I cannot reproduce the bug anymore. This might be related to the latest freetype update on FC6 (2.2.1-4.fc6) as this is the only change that has something to do with rrdtool. The provided patch breaks the build of rrdtool-1.2.15-3.fc6: rrd_graph.c: In function 'horizontal_log_grid': rrd_graph.c:1771: warning: implicit declaration of function 'AlmostEqual2sComplement' I will try the current trunk of the svn repo if I get some time for it.
I was able to reproduce the bug again. This time on a current RHEL 4 (x86). The given fix does not solve the problem (tried the svn snapshot of september 4th). Is there anything else I can do in order to get this bug fixed?
I suspect the actual problem may be with freetype. Jeremias, is there any way you can try rebuilding the FC6 freetype package on RHEL4, installing the resulting binraies, and retest?

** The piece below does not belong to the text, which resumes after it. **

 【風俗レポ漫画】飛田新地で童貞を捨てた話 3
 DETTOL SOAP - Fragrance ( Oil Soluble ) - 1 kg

Hi,i am using a dual cpu 5 gig of ram and lots of swap on a fc6. its killing me . Its seams related with the amount of graph you generate at the same time. i use 8 graph on a page it seam to trigger somthing and take all ram/swap until the computer die. if i use 4 graph on a page its doesnt seam to do it ... heaven then if 2 guy open it up at the same time (with different graph or the same ) its kill the computer. i use FC6 fully updated.. any idea ??? anything that i can provide ?

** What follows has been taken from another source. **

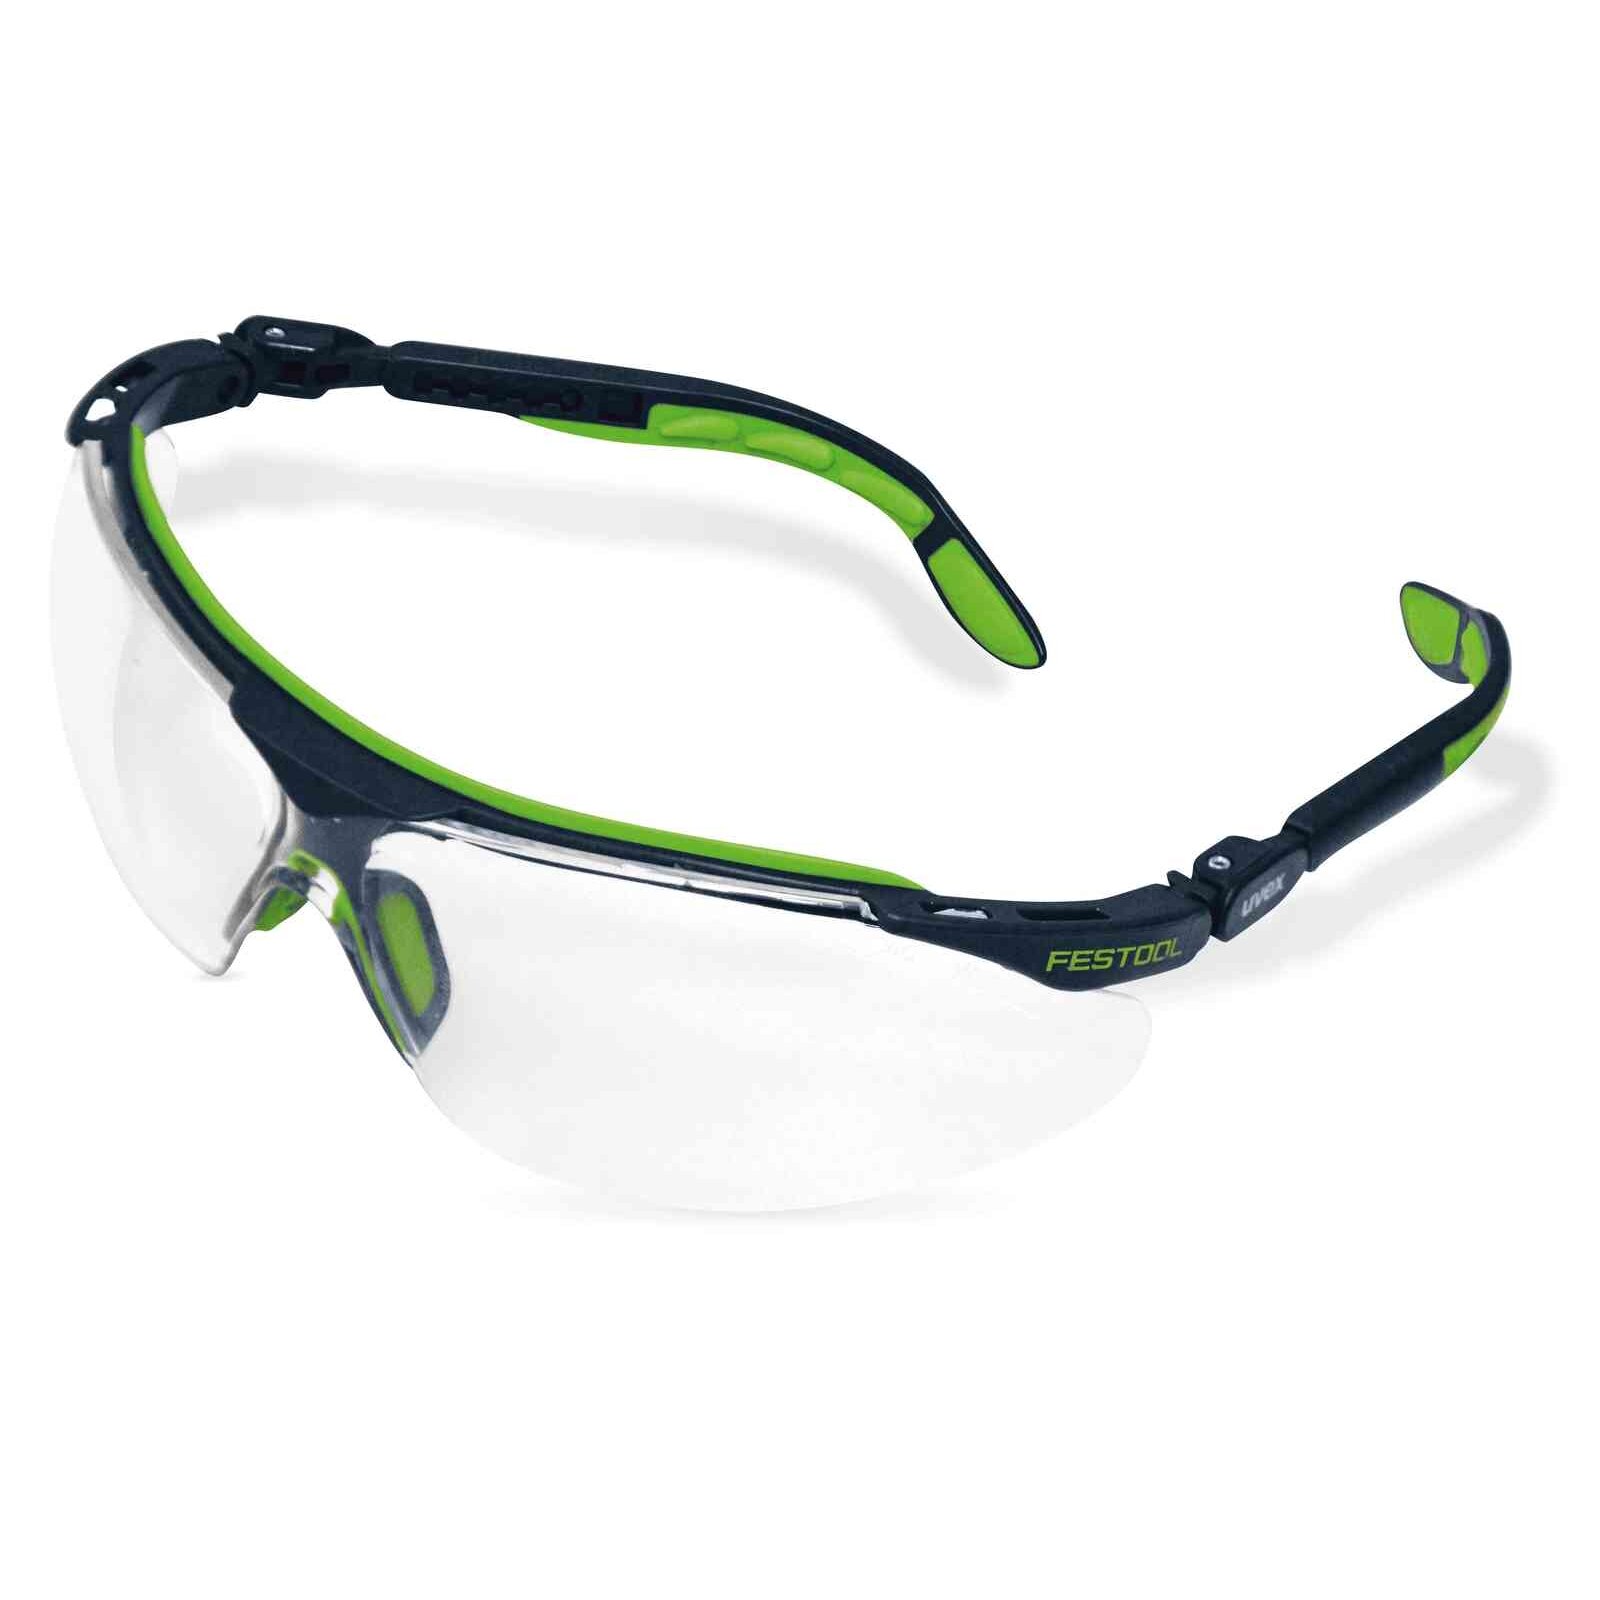 Специальные защитные очки. Очки защитные Uvex lt400. Uvex i-vo очки. Очки защитные Uvex d90766. Очки Festool защитные.

Created attachment 142025 [details] STRACE strace -o test_log /usr/bin/rrdtool graph - --imgformat=PNG --start=1164248318 --end=1164334718 --title="NATS MASTER - teMySQL - Replication" --base=1000 --height=150 --width=600 --alt-autoscale-max --lower-limit=1 --logarithmic COMMENT:"From 2006/11/22 21\:18\:38 To 2006/11/23 21\:18\:38\c" COMMENT:" \n" --vertical-label="" --slope-mode DEF:a="/usr/share/cacti/rra/nats_master_readexeclogposdiff_179.rrd":ReadExecLogPosDiff:AVERAGE DEF:b="/usr/share/cacti/rra/nats_master_readexeclogposdiff_179.rrd":SecondsBehindMaster:AVERAGE DEF:c="/usr/share/cacti/rra/nats_master_readexeclogposdiff_179.rrd":BinlogCacheDiskUse:AVERAGE DEF:d="/usr/share/cacti/rra/nats_master_readexeclogposdiff_179.rrd":BinlogCacheUse:AVERAGE CDEF:cdefa=a,1024,/ CDEF:cdefd=c,1024,/ CDEF:cdefe=d,1024,/ AREA:cdefa#EAAF00:"LogPosLag(KB)" LINE1:cdefa#837C04:"" LINE2:b#F51D30:"Seconds Lag" LINE2:cdefd#4444FF:"Binlog Cache Disk(K)" LINE1:cdefe#35962B:"Binlog Cache Use(K)"
here is an strace of one of the process killing the computer ... when this process run 1 min later 5 gig of ram consumed and iowaits go crazy and swap almost full ... any idea ??
Jonathan, I would suggest adding your information to the trac ticket on the rrdtool website. http://people.ee.ethz.ch/~oetiker/webtools/rrdtool-trac/ticket/54
Okay, looks like the problem has been tracked down upstream. Tobi says a 1.2.16 release is due Real Soon Now, and will incorporate said fix. I could try to track down the specific changeset that fixes it, but would rather wait for the new release if its going to be out imminently...
Created attachment 143697 [details] Patch based on upstream changeset r881 and r887 The attached patch should fix things. I'll get a new rawhide build submitted momentarily. If folks could test that build (or rebuild it for their distro), please do. Gimme the thumbs up and I'll spin new packages for fc5 and fc6 (can probably do fc4 also if there's demand).
Not sync'd out to mirrors just yet, but a rawhide build is done. You can grab the srpm here: http://buildsys.fedoraproject.org/logs/fedora-development-extras/23763-rrdtool-1.2.15-8.fc7/
FC3 and FC4 have now been EOL'd. Please check the ticket against a current Fedora release, and either adjust the release number, or close it if appropriate. Thanks. Your friendly BZ janitor :-)
As best as I can tell, this is resolved in rrdtool 1.2.18, which is now in rawhide and making its way to FC6 shortly.